Su Santa Gianna (1922-62) che morì dopo aver rifiutato le cure mediche a lei necessarie per salvare la vita della sua bambina non ancora nata

Sally Read

Tornando a casa nel Suffolk sono gli alberi d’inverno che
mi colpiscono: cartilaginei e intricati come bronchi in sezione.
Nessun ribollire di verde o piume. Ci vorrebbe
un brulicante calore per far germogliare la fede
di Giovanna, gli stormi di angeli surrogati

che immagino abbia convocato. Penso a lei
mentre entro in casa, e, in punta di piedi,
sistemo un barattolo sullo scaffale più alto in cucina. Così in alto –
così fuori dalla mia portata – che quasi scivola indietro
e cade a terra con fragore. Penso che lasciare un bambino

dev’essere così: sollevarlo verso
il futuro – lontano – oltre i confini possibili
dei polpastrelli impotenti.
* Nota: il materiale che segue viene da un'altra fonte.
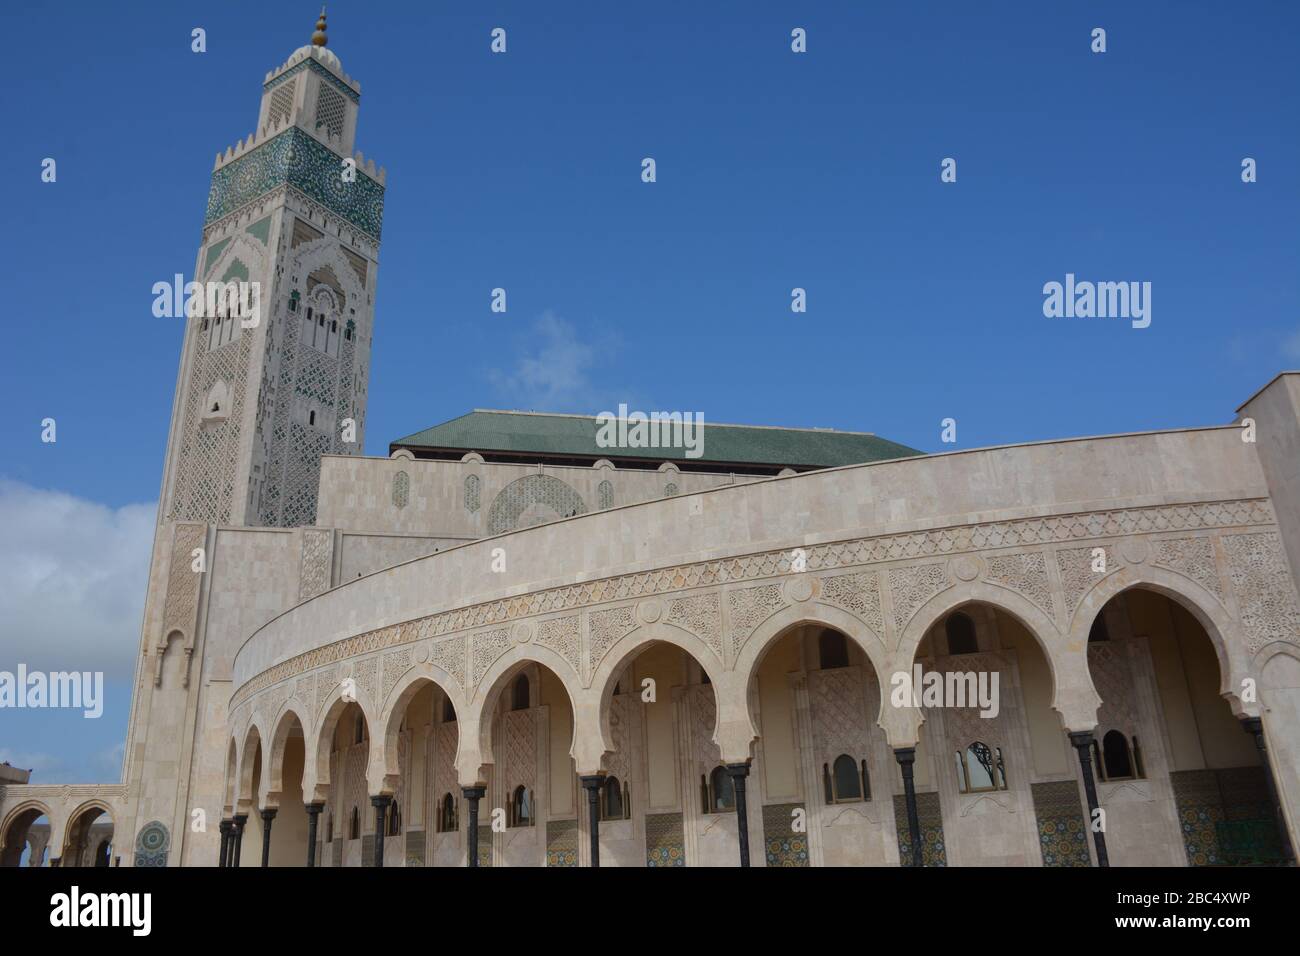 Un espectacular disparo exterior de la Mezquita Hassan II en Casablanca, Marruecos, incluyendo su enorme minarete, el segundo más alto del mundo con 210 metros. Foto de stock

I neonati separati
dalle madri non hanno una casa in cui tornare;
l’aria può avere sempre l’odore di una casa altrui.

La mia bambina dorme, sebbene incubi nuovi
la sveglieranno, prove necessarie della perdita.
Fuori alberi dalle forme incostanti nel crepuscolo viscido;
una mente pronta potrebbe vederci un volto. Ma solo il mio
appare sul vetro, bianco ed esangue come fiamma.